In carcere, anni di prima "convivenza forzata" tra italiani e stranieri
Di Tiziano Fabbian, novembre 2000
Bolzano, nella cui Casa Circondariale mi trovavo verso la fine degli anni ‘80, essendo prossima ad un noto valico di frontiera aveva abituato noi, suoi ospiti-detenuti, a condividere normalmente lo spazio con cittadini stranieri di diversa nazionalità, tedeschi, olandesi, spagnoli, ognuno di loro portatore di una sua particolare cultura, ma tutte sviluppatesi in ambito occidentale. Culture che, pur differenziandosi nei particolari, concordavano nella sostanza in quanto, negli innumerevoli incontri-scontri avutisi nei secoli precedenti, s’erano, per necessità o per scelta, compenetrate a vicenda. Quindi, quanto rimaneva a distinguere una cultura, da una parte o dall’altra veniva considerato come curiosità, un tratto distintivo buffo al quale appigliarsi per costruire uno sfottò e farci delle grasse risate. Le diversità ci univano, non creavano certo distanze tra noi. Inutile dire che la convivenza, anche se forzata, non s’era mai posta come problema, la vivevamo in modo naturale.
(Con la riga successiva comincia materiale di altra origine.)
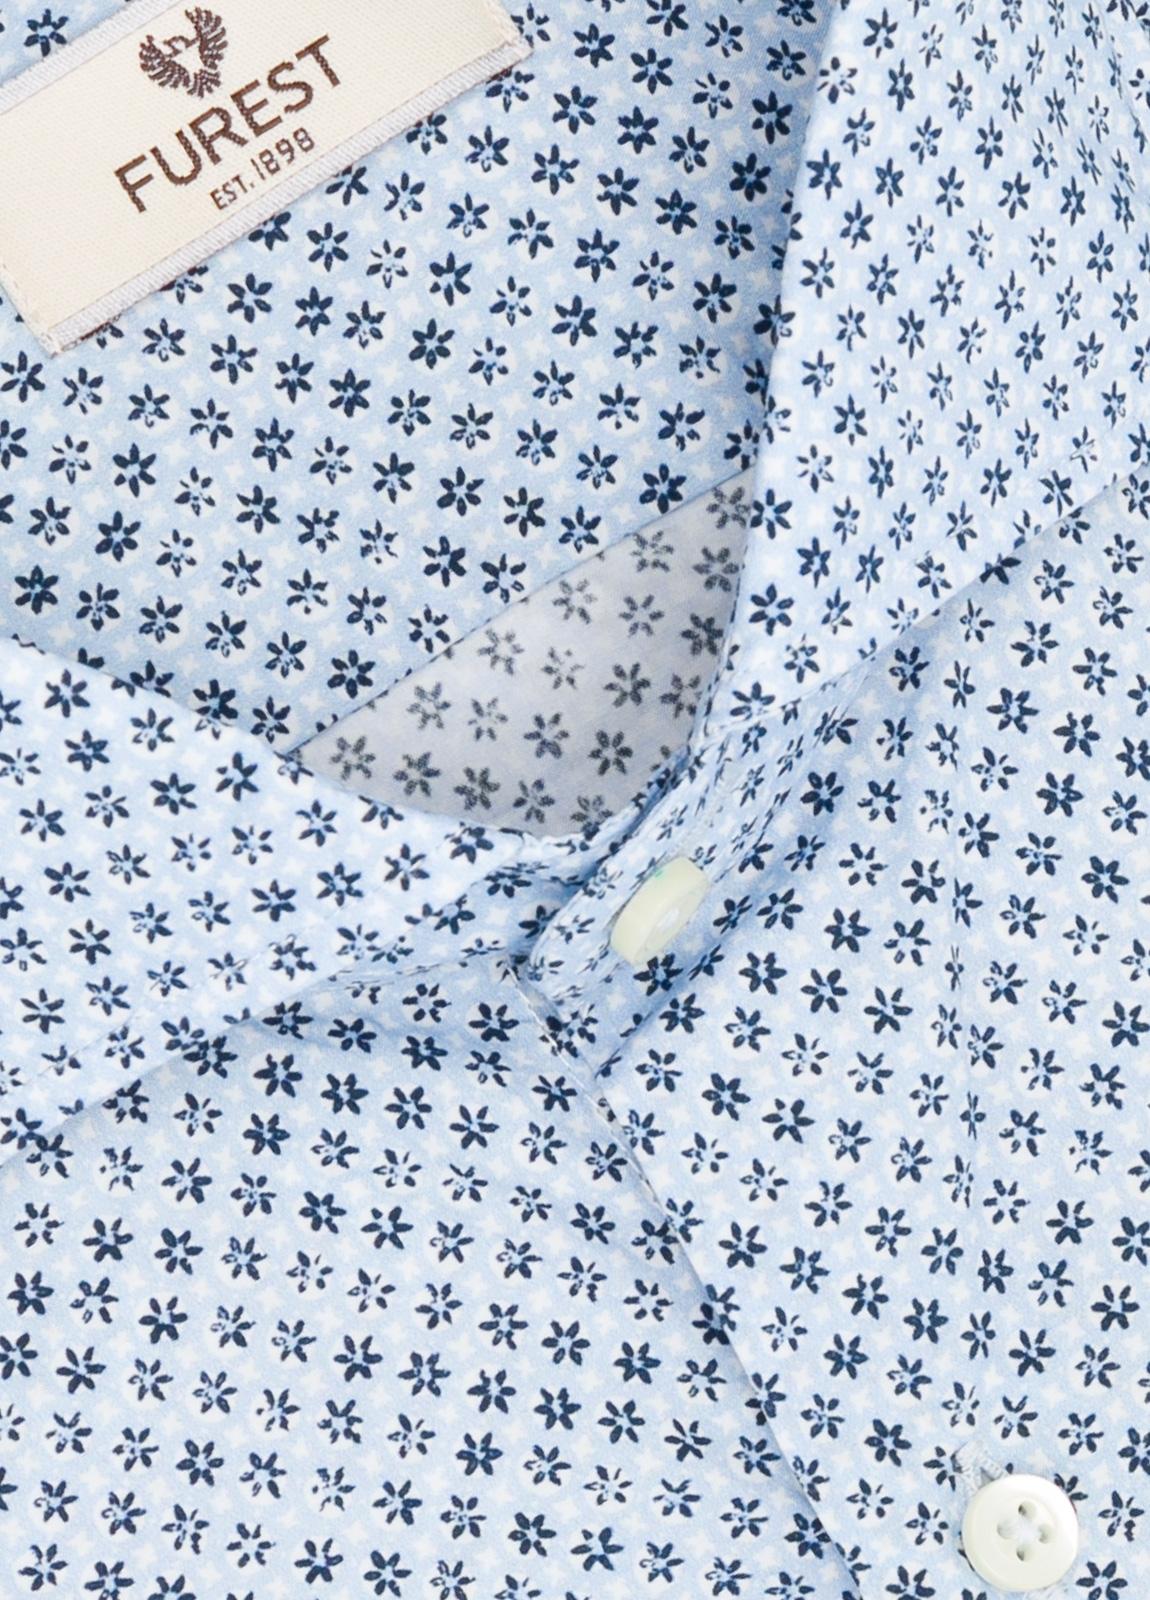 Camisa Leisure Wear SLIM FIT Modelo CAPRI estampado micro flor color azul, 100% Algodón. - Ítem1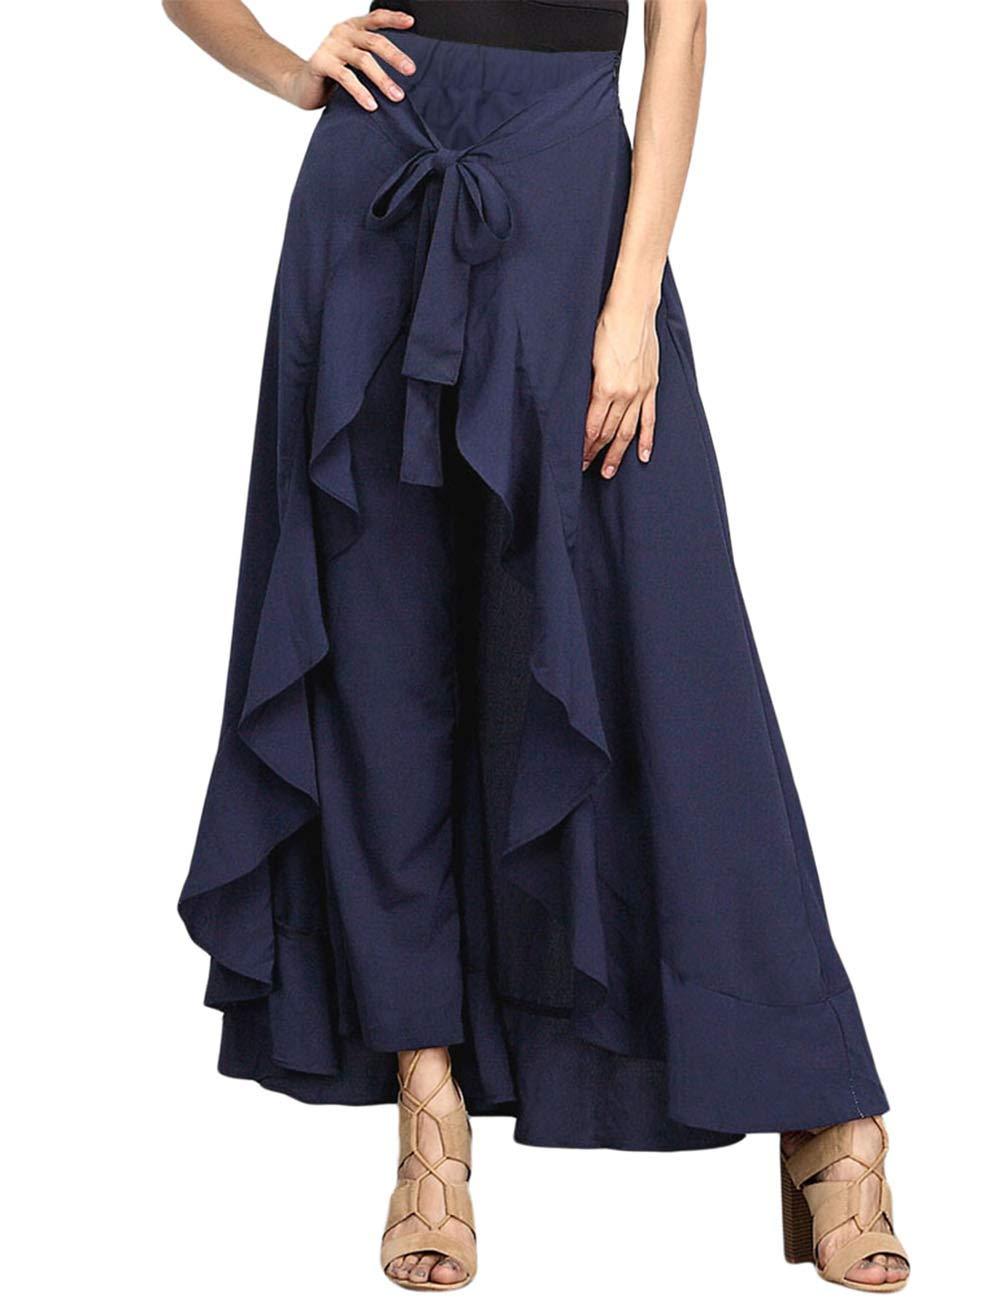 MuCoo Women's Solid Ruffle Wide Leg Tie-Waist Palazzo Pant Overlay Maxi Skirts Muc-CA-LC77034

Per loro, l’italiano era "arabo" e per noi l’arabo… rimaneva tale In quegli anni, iniziarono ad entrare in carcere, pochi per volta, quegli stranieri di nazionalità maghrebina destinati, assieme ai profughi dell’area dei Balcani, a costituire qui in Italia quella nuova fascia dell’emarginazione estrema alla quale, a tutt’oggi, non si riesce a dare soluzione. Erano persone, a quanto ricordo, dignitose nella loro indigenza. Infatti, ciò che le accomunava oltre al reato, detenzione o spaccio di eroina, era la mancanza cronica di mezzi economici di sostentamento. Pur dovendo, per forza di cose, convivere in stanze con diverse persone di nazionalità differenti, in un certo senso si trovavano isolati dalla vita della cella non per volontà nostra o loro, ma unicamente per il fatto che non si riusciva a comunicare se non a gesti: per loro, l’italiano era "arabo" e per noi, l’arabo… rimaneva tale. Anche con queste nuove presenze tra noi, non sorse il problema della convivenza ma qualcosa che definirei tragico: da parte loro si stava verificando uno strano tipo di integrazione, un’integrazione muta nella quale non avevano parola. Poi, in poco tempo, in un crescendo giudiziario wagneriano, la presenza di stranieri magrebini iniziò a salire irresistibilmente la scala delle percentuali nel già sovraffollato carcere di Bolzano (e con questo ricordiamo che il fenomeno del sovraffollamento nelle carceri risale perlomeno a 15 anni fa). Presto, la presenza di ragazzi magrebini raggiunse punte del 50-60% dell’intera popolazione detenuta. Cosa comportò questo, per noi, per loro, e per la Direzione dell’Istituto? Per gli autoctoni, significò improvvisi trasferimenti attuati d’urgenza in altri carceri del nord Italia, questo, per fare fronte alla necessità di reperire posti letto ai nuovi giunti. Significò, oltre ai disagi che un trasferimento comporta, una lunga serie di problemi di carattere affettivo ed economico legati ai nuovi costi da affrontare da parte dei familiari per recarsi a colloquio in città a volte distanti centinaia di chilometri.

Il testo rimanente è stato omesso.